Собственно говоря, ее попытки осмыслить феномен Фишера сводятся к трем, да и то пунктирно намеченным, подходам.
Первый — вульгарно психоаналитический. Его немецкий отец Ханс-Герхардт, которого Бобби, кажется, и в глаза не видел, был на самом деле не отец. А отцом был венгерский еврей Пауль Неменьи, биофизик и участник "Манхэттенского проекта", который и занимался воспитанием и образованием мальчика. Из этого, конечно, можно, но уж больно сложно, выжать эдипов комплекс и объяснение юдофобству зрелого Фишера. Так что фрейдистская нота быстро затихает из-за полной бесперспективности. Тут бы лучше поговорить о феномене еврейского антисемитизма или, шире, американского диссидентства: скажем, великий ученый и еврей Ноам Хомский — радикальный антисионист. Или вспомнить о том, что сильнейшие шахматисты мира, которых побеждал Фишер, были преимущественно евреями: в еврействе Бобби уличал даже невинного Спасского.
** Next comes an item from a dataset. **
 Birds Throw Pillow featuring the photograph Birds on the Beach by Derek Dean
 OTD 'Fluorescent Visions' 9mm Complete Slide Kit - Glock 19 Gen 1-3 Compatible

Второй подход — геополитический. Фишер, безусловно, рассматривался американским руководством как своего рода секретное оружие: во Вьетнаме увязли, страна охвачена жестокими бунтами, зато опередили Советы на Луне, а теперь опередим и в шахматах. Лично Генри Киссинджер произнес в телефонном разговоре с Фишером некие магические слова, которые убедили его вылететь в Рейкьявик после того, как будущий чемпион едва не сорвал матч. В теленовостях Рейкьявик отодвигал на второй план Уотергейтский скандал. Но для гения такая, пусть и сверхпочетная, стратегическая роль была унизительна.
Наконец, третий подход, сугубо психиатрический: дескать, все великие шахматисты — того. На такой бодрой ноте завершается попытка осмыслить Фишера. Серьезный разговор подменяет синодик свихнувшихся шахматистов. Пол Морфи, сильнейший игрок XIX века, во многом предварил судьбу Фишера: тоже вундеркинд, тоже всех обыграл, бросил публичную шахматную карьеру, стал отшельником, сошел с ума. Вильгельм Стейниц, первый чемпион мира, играл по телеграфу в шахматы с богом. Карлос Торре разделся догола в автобусе. Акиба Рубинштейн, испугавшись мухи, выпрыгнул в окно.
Эх, вспомнить бы по поводу прыжка Рубинштейна прыжок набоковского Лужина да сравнить Лужина с Фишером! Да вспомнить бы еще и "Шахматную новеллу" Стефана Цвейга с двумя шахматистами: утонченным психопатом и тупым животным. Но этих бьющих в глаза литературных параллелей для Гарбус просто не существует.
А отшельничество Фишера — не мешавшее ему, впрочем, интенсивно любить юных девушек — разве не напоминает об отшельничестве Сэлинджера? А побег Фишера от журналистов, из-за которого чуть и не сорвался матч в Рейкьявике, разве не напоминает он об ухищрениях избегавшего прессы великого философа Ги Дебора? Создатель концепции общества зрелищ категорически отказывался стать зрелищем. Так же, как отказывался стать зрелищем и Фишер.
Так что по большому счету у фильма Гарбус есть еще одно достоинство: превратить Фишера в зрелище ей так и не удалось.